▶ _RECORDS FOR PROCESSING_
──────────

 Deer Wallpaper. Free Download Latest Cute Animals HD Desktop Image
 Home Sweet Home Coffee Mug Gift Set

──────────

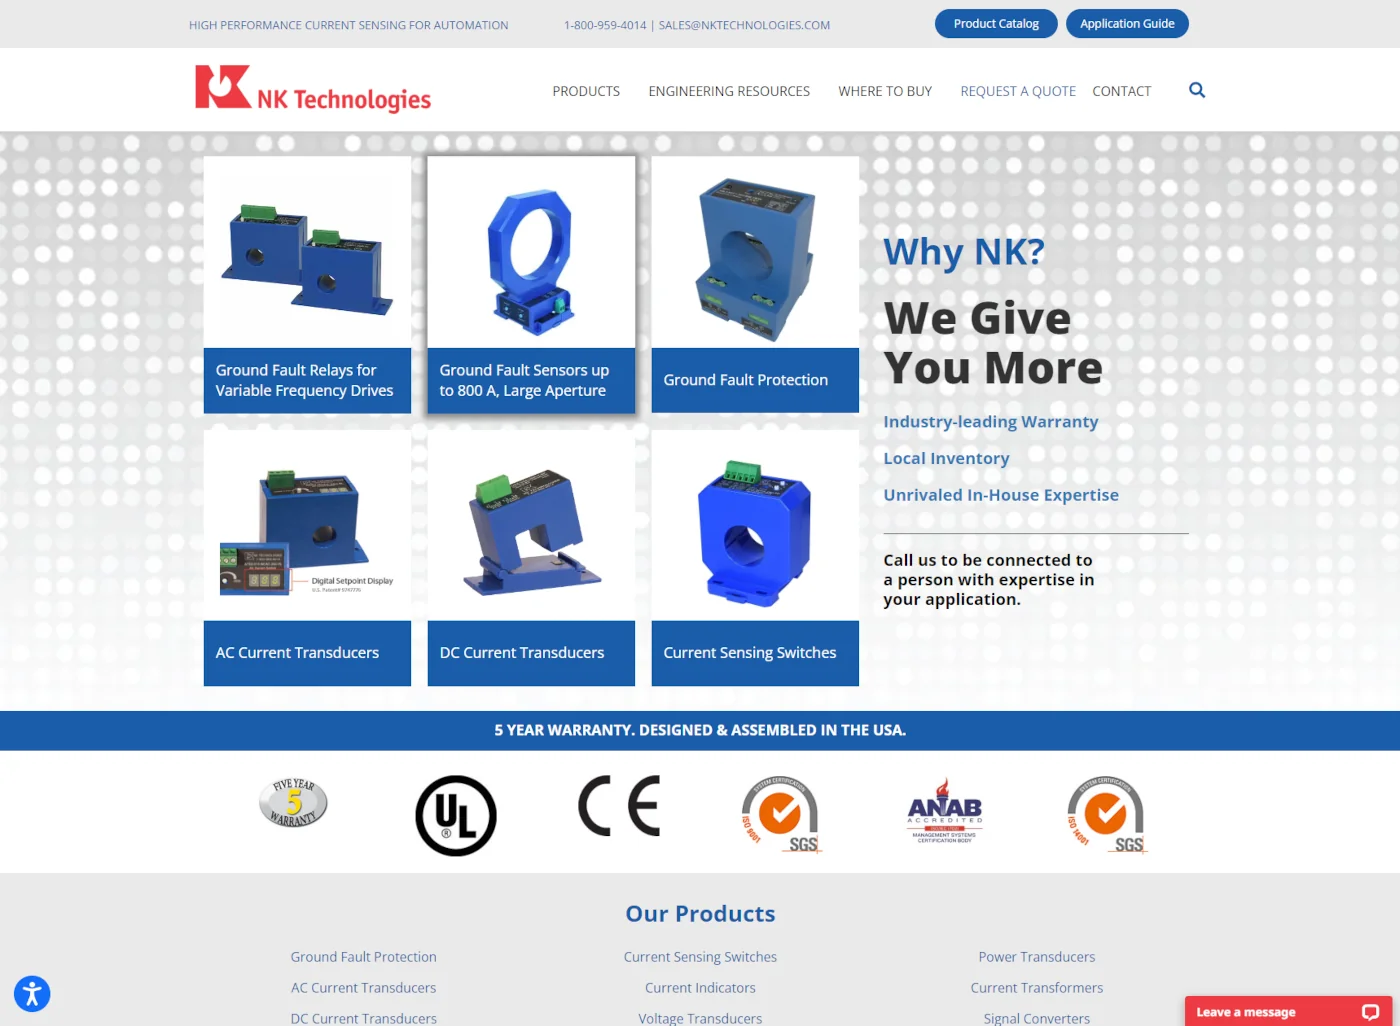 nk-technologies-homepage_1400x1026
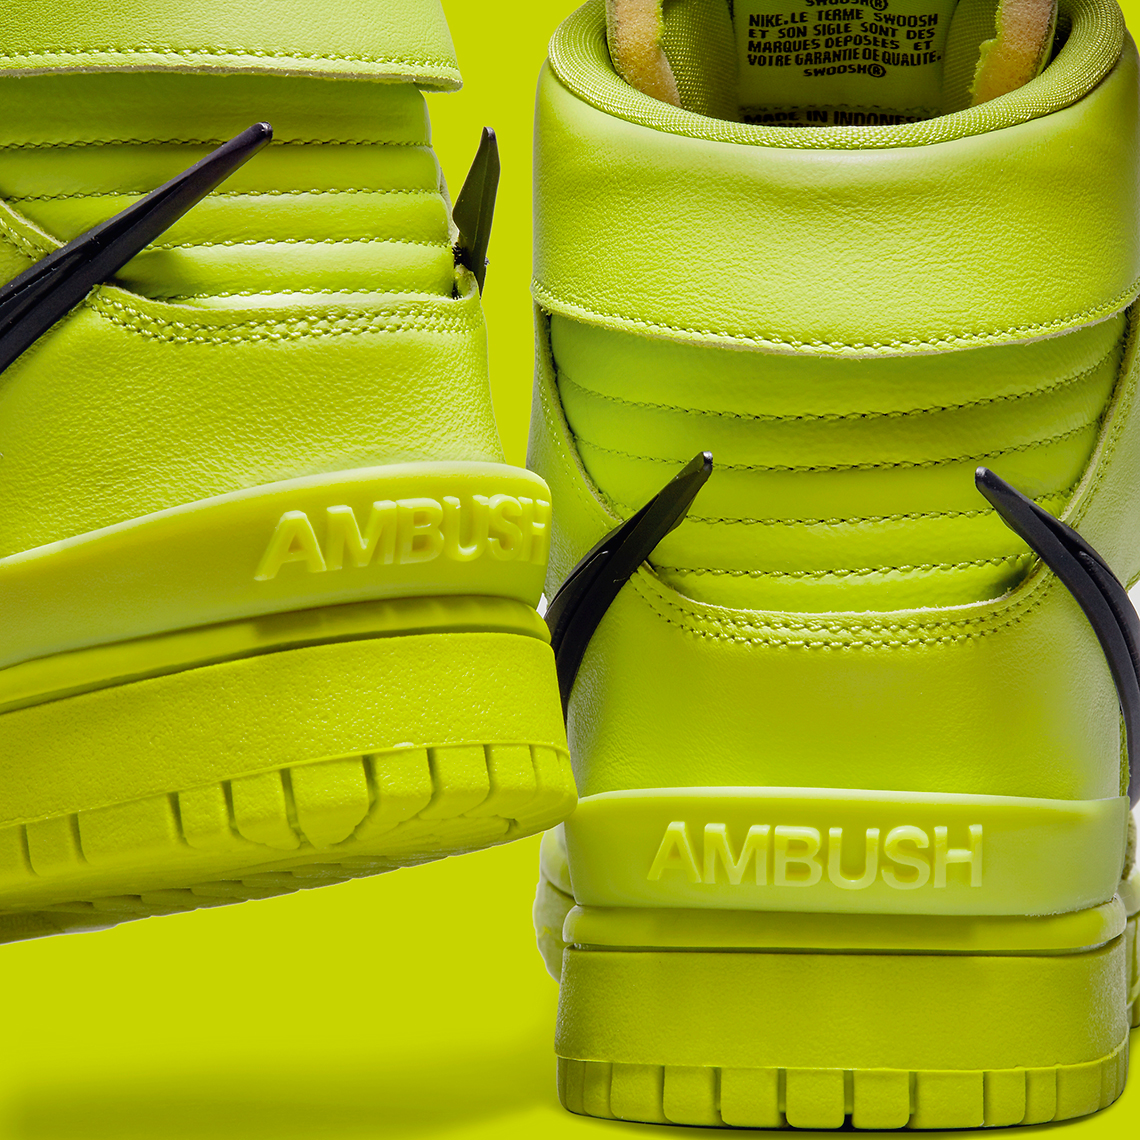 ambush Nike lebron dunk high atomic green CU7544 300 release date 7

──────────

▶ _INSTRUCTIONS FOR THE TASK_
In the listing above, find the line containing "Deer Wallpaper. Free" and the line containing "Home Sweet Home Coffee Mug Gift Set", then retype both and every line between them exactly, with nothing else.

▶ _RESPONSE BOX_
 Deer Wallpaper. Free Download Latest Cute Animals HD Desktop Image
 Home Sweet Home Coffee Mug Gift Set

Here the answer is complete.